While Rogers at least understood the forces that shape cities, Heatherwick’s musings are dangerously misguided. Just like the Building Better, Building Beautiful Commission before it, headed up by the late aesthetic philosopher Roger Scruton, the Humanise movement focuses on the outward appearance of buildings at the expense of much more crucial issues. Our mental and physical health depends less on being titillated by the design of a facade than by being able to live and work in adequately sized spaces with decent ceiling heights, ample daylight, good ventilation and thermal insulation – something that so much of the building stock in Britain, both old and new, so desperately lacks. The continued extension of permitted development rights is allowing offices, shops and warehouses to be converted into homes without planning permission, leading to a grim generation of tiny, dingy, overcrowded slums unfit for human habitation – no matter how jazzy their facades.

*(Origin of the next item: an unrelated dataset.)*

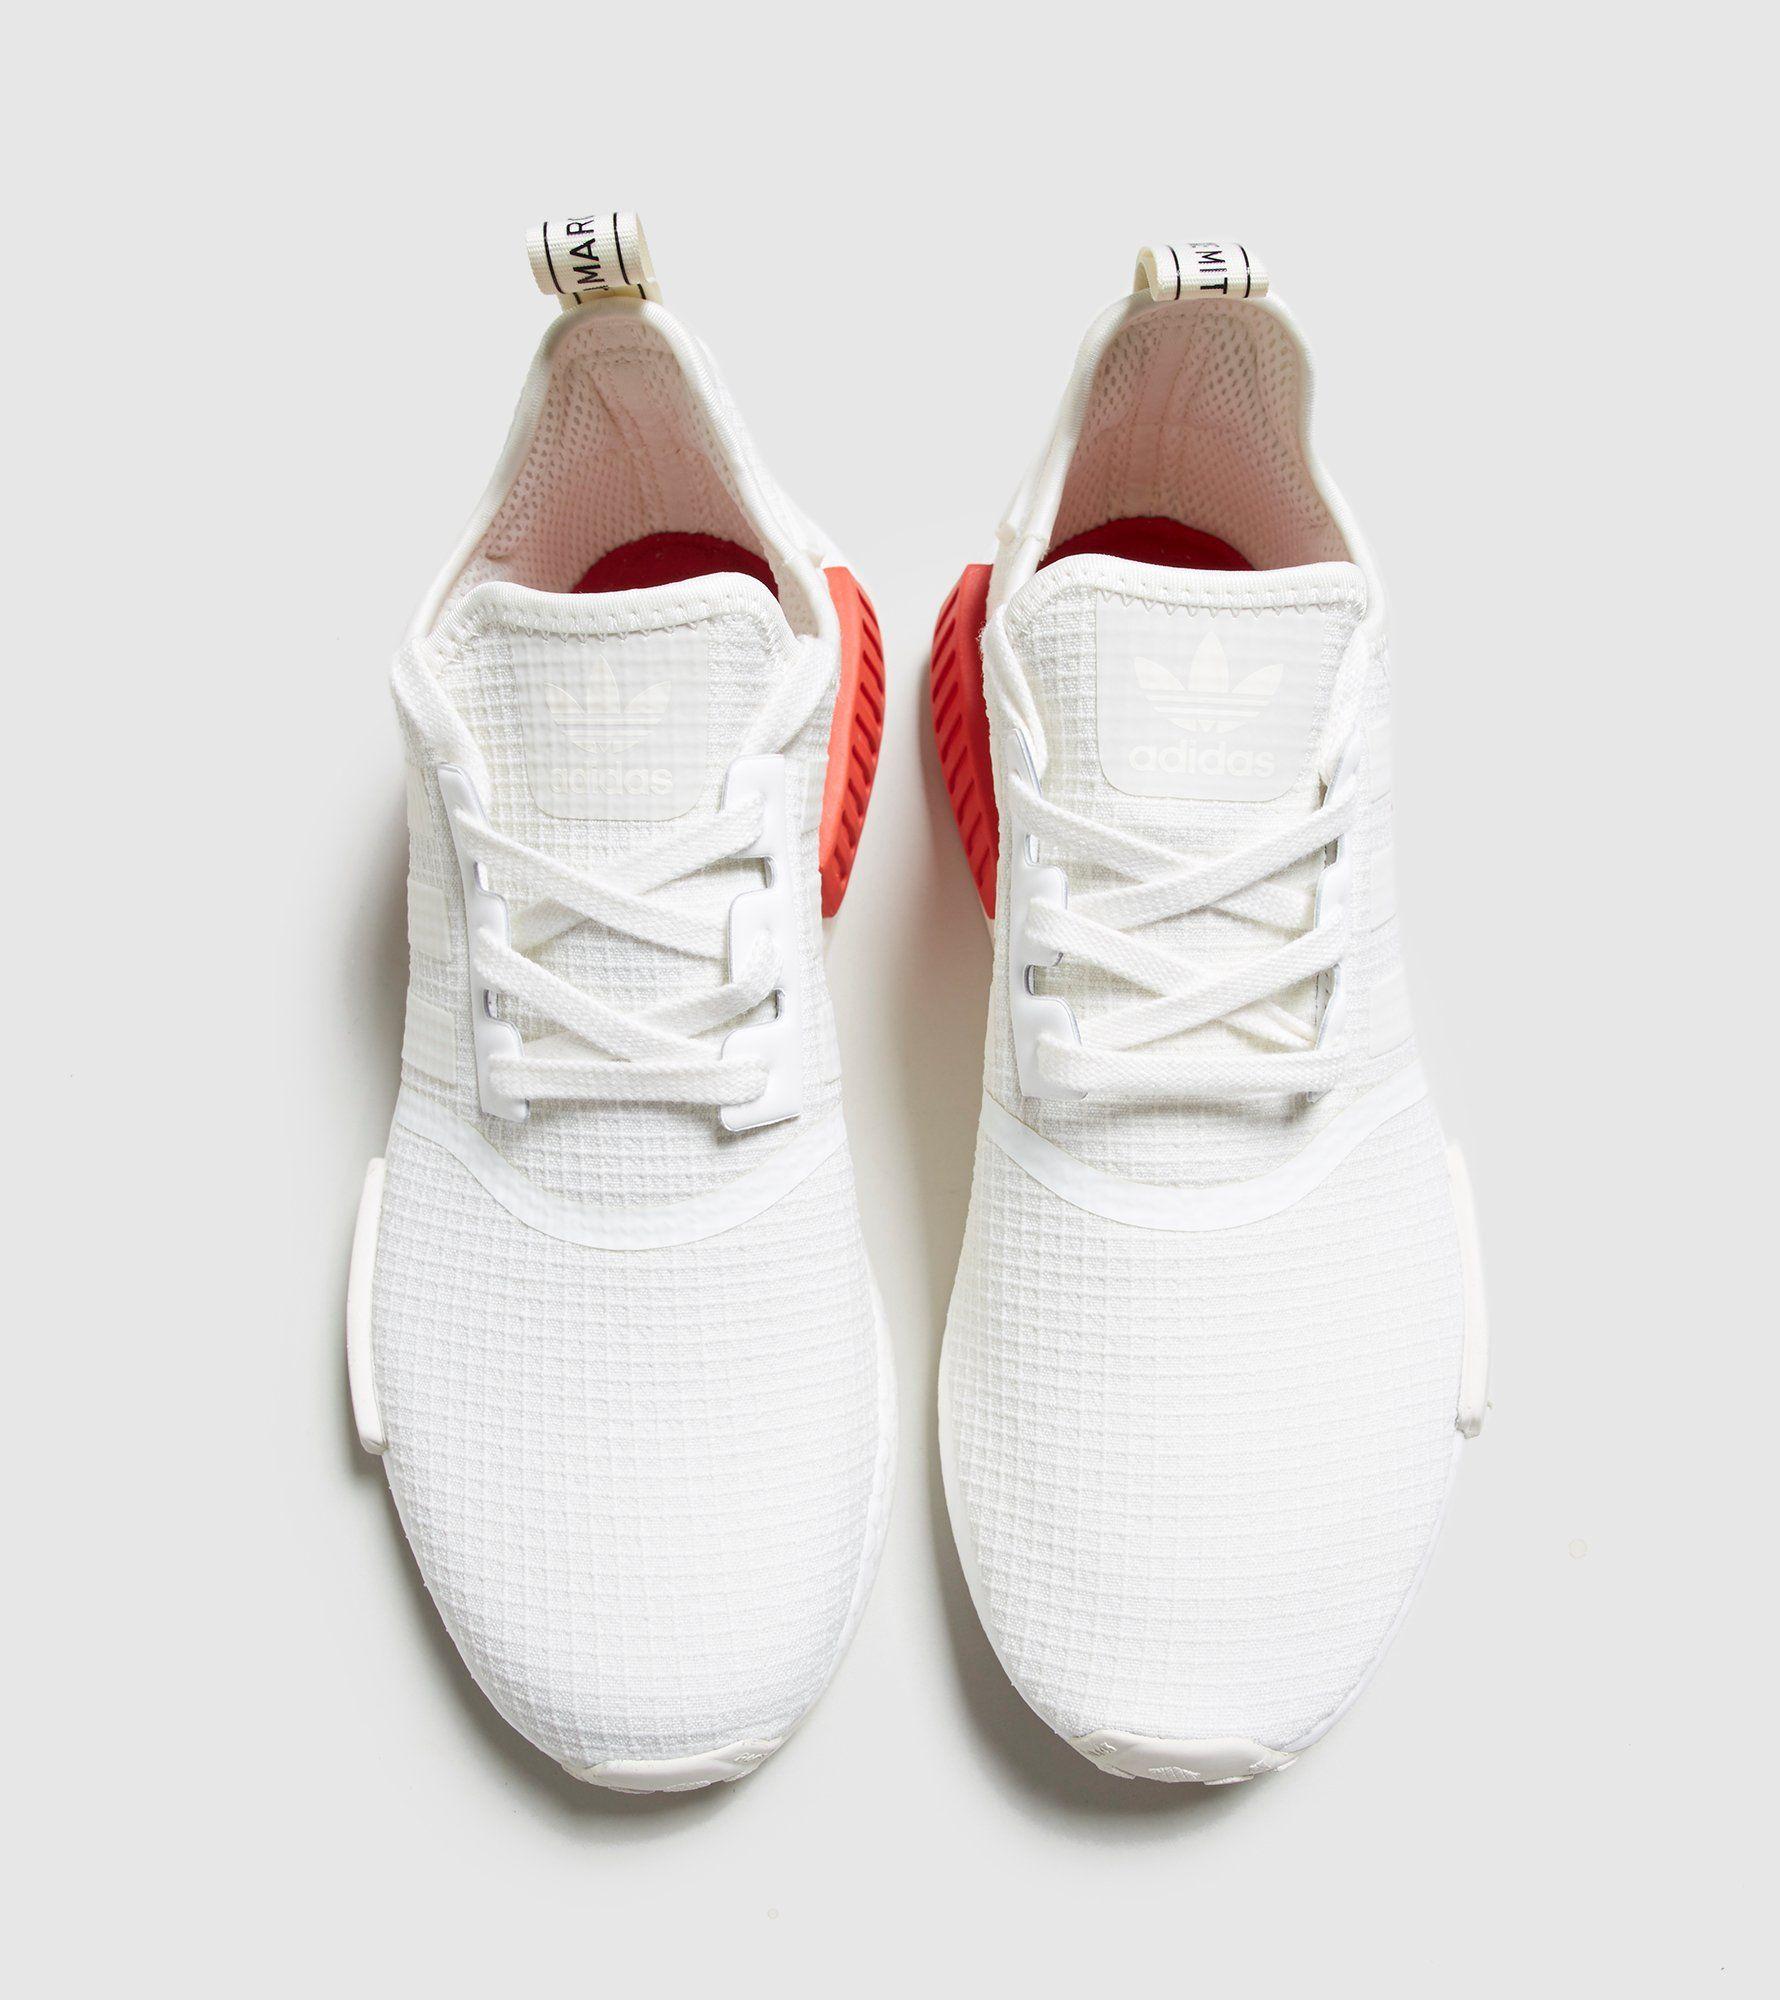 adidas Originals NMD R1 Ripstop

While Heatherwick berates architects for being too boring, he gives developers, contractors and policymakers a free pass to continue with business as usual. Whether it’s the monopoly of the big builders over the supply of land, along with their corner-cutting and “value-engineering”, or the government’s bonfire of regulations and the gleeful destruction of the planning system, there are much greater dangers to people and planet than whether or not the outside of a building is entertaining enough.